BİR ARADA VE ÖZGÜRCE YAŞAM DİLEĞİYLE

CHP milletvekili Musa Çam, gazetemizin tutuklu yazar ve yöneticilerini Silivri Cezaevi’nde ziyaret etti. Genel Yayın Yönetmenimiz Murat Sabuncu, “Bütün ülke, birbirini ötekileştirmeden, hep beraber bir arada özgürce yaşamanın özlemiyle...” derken; çizerimiz Musa Kart ise “Bize yöneltilen suçlamaların ne kadar haksız, mesnetsiz ve insaf ölçülerinden uzak ve bir o kadar da gülünç olduğunu gösterdi” mesajını paylaştı.
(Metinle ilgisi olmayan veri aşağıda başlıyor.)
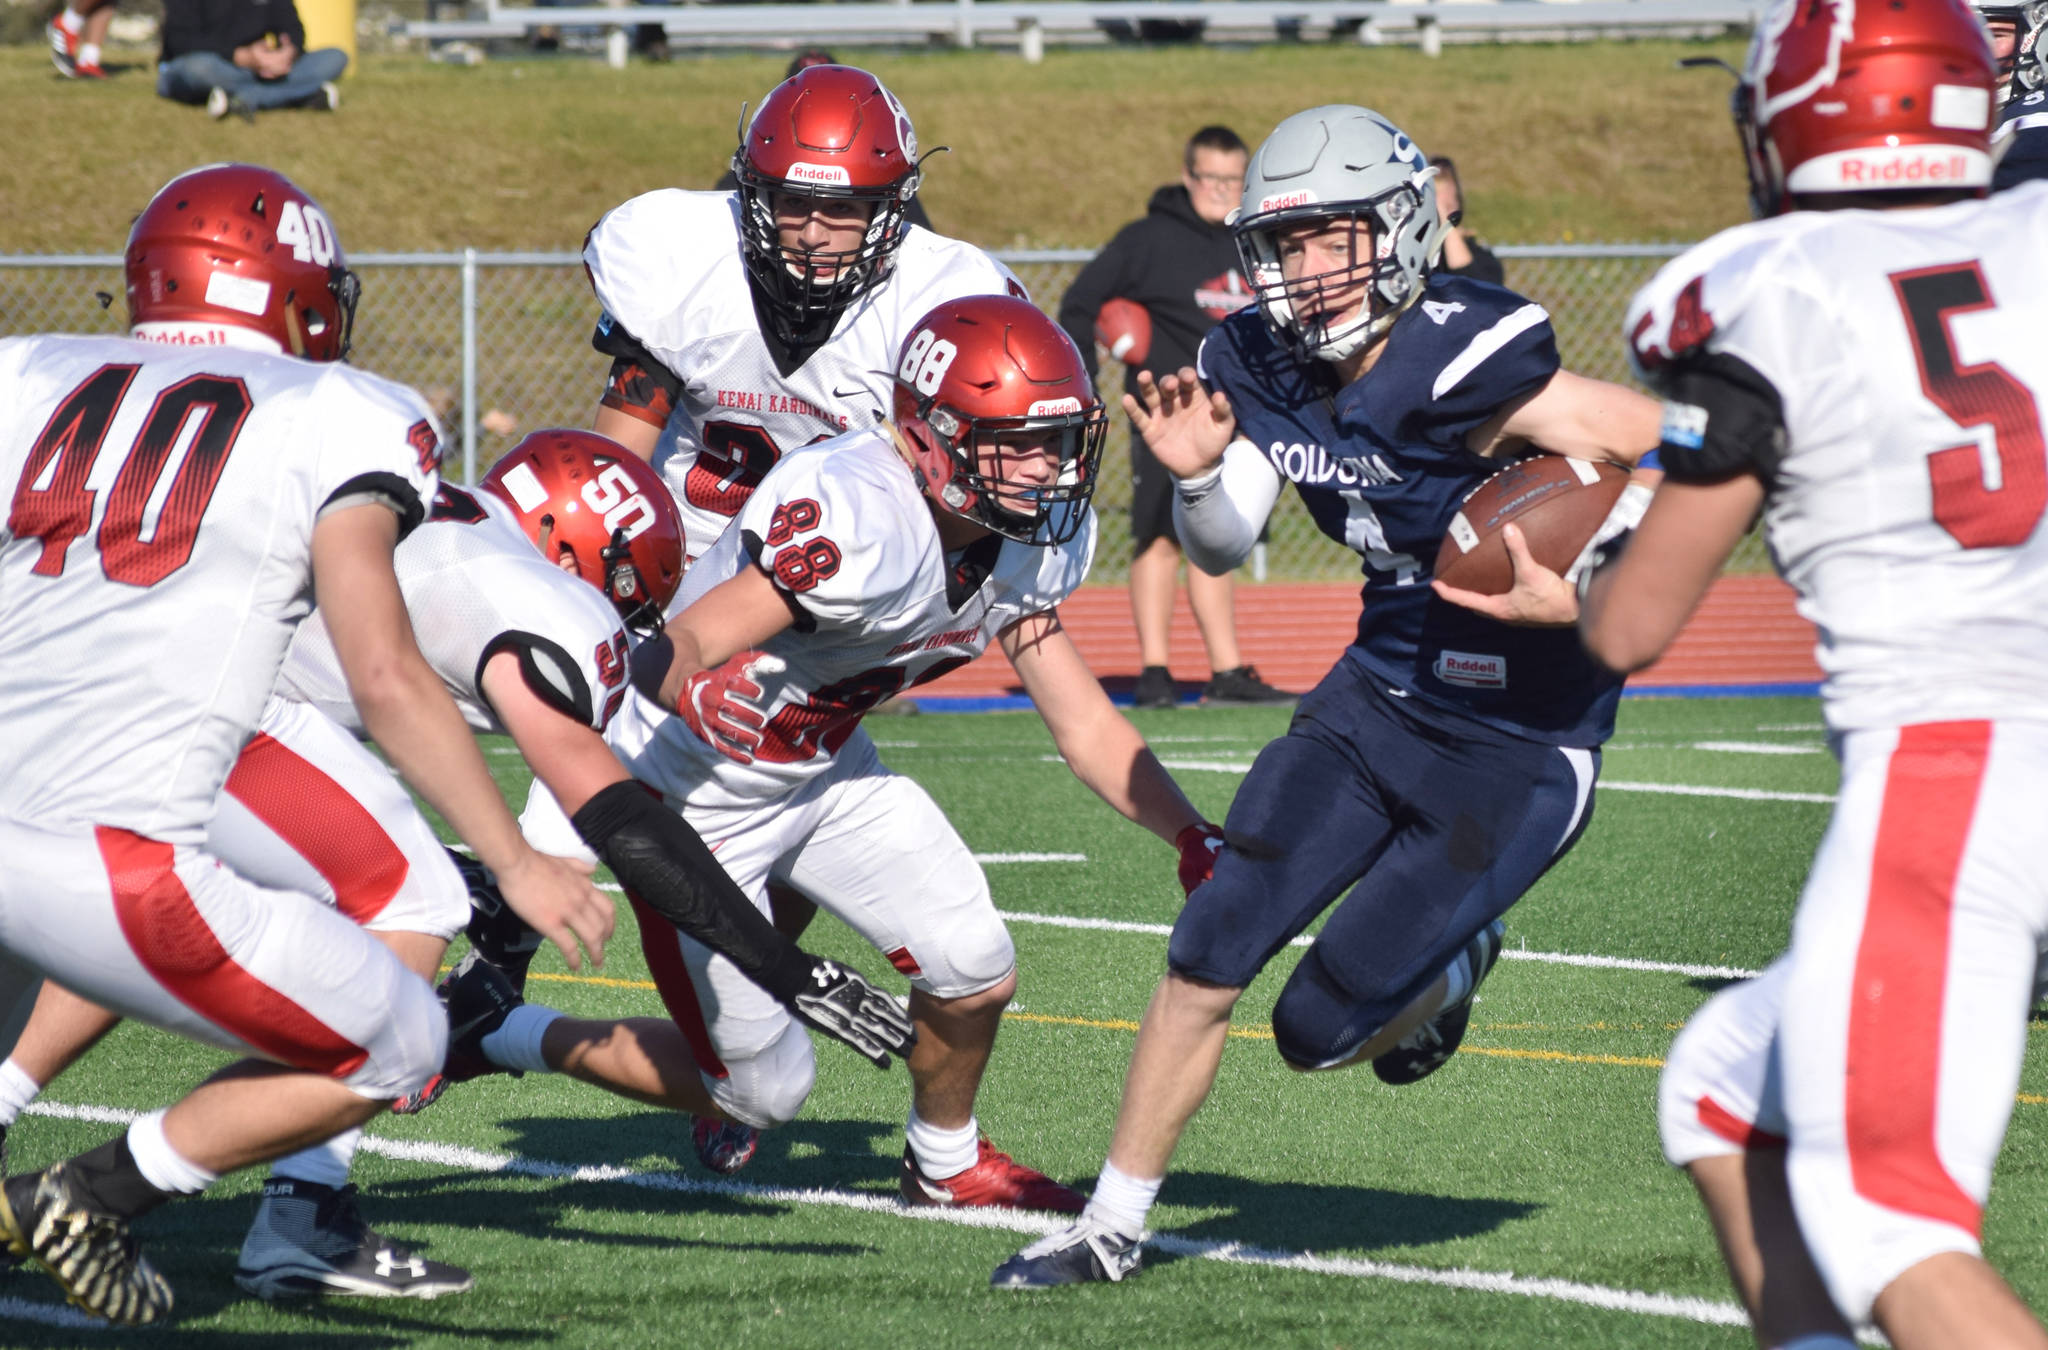 Soldotna quarterback Jersey Truesdell tries to elude Kenai Central defenders Justin Anderson, Billy Morrow, Tucker Vann, Braedon PItsch and Jacob Howard on Saturday at Justin Maile Field in Soldotna. (Photo by Jeff Helminiak/Peninsula Clarion)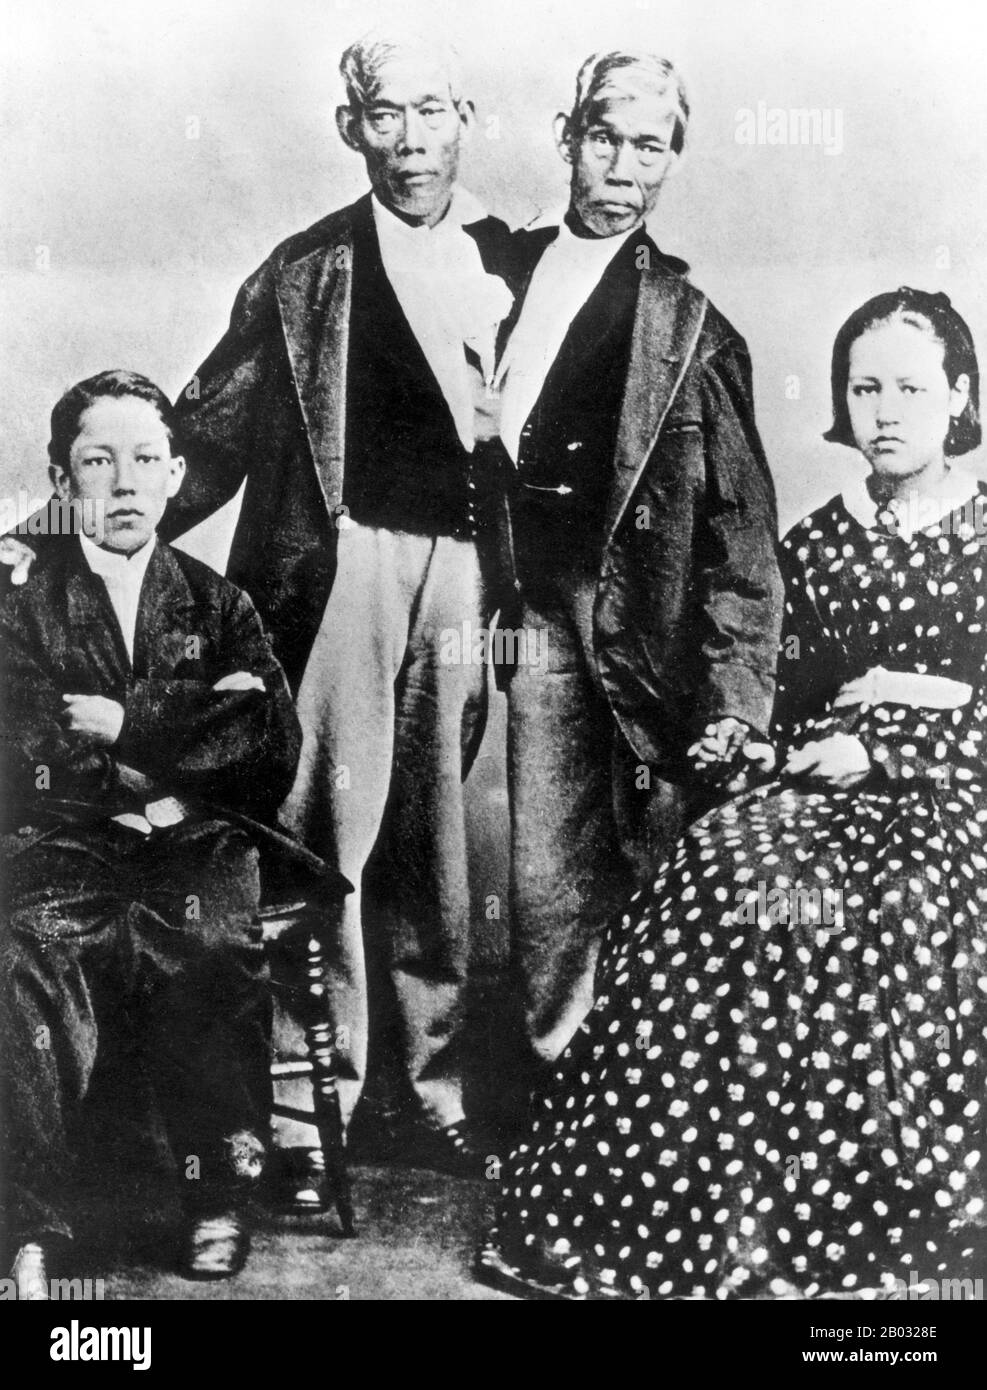 Chang and Eng Bunker (May 11, 1811 – January 17, 1874) were Thai-American conjoined twin brothers whose condition and birthplace became the basis for the term 'Siamese twins'.  The Bunker brothers were born on May 11, 1811, in the province of Samutsongkram, near Bangkok, in the Kingdom of Siam (today's Thailand). Their fisherman father was a Chinese Thai, while their mother was a Chinese Malaysian. Because of their Chinese heritage, they were known locally as the 'Chinese Twins'. The brothers were joined at the sternum by a small piece of cartilage, and though their livers were fused, they wer Stock Photo

Murat Sabuncu: Sokrates savunmasının son kısmında şöyle söyler ‘Artık vakit geldi ben ölmeye siz yaşamaya gidiyorsunuz, hangisinin daha iyi olduğunu tarih yazacak’. 7.5 aydır haksız olarak tutulduğumuz Silivri Cezaevi’nde bize bu iftirayı atanlar ülkede muhalif yazar, akademisyen, aydın bırakmayanlar bugün kendilerinin kazanmış olduğunu düşünebilirler ama tarih çok da geç olmayan bir zamanda doğruları yazacak. Bütün ülke, birbirini ötekileştirmeden, hep beraber bir arada özgürce yaşamanın özlemiyle...

Musa Kart: Gazetemizde yayımlanan dizi, içinde bulunduğumuz trajikomik tabloyu bir kez daha gözler önüne serdi. Bize yöneltilen suçlamaların ne kadar haksız, mesnetsiz ve insaf ölçülerinden uzak ve bir o kadar da gülünç olduğunu gösterdi. Sevgili arkadaşlarım Kemal, Canan, Alican ve Sinan’a teşekkür ediyorum. Herkesin bildiği ve gazetelerde her gün ilanları çıkan bir seyahat şirketini aramam önüme suç kanıtı olarak konuldu. Bodrum’da üç günlük bir tatil için rezervasyon yapmıştım. Bodrum yerine yedi aydır Silivri’deyim. Ama yine de ‘Darbe girişiminin siyasi ayağı karikatüristmiş’ demedikleri için kendimi şanslı buluyorum.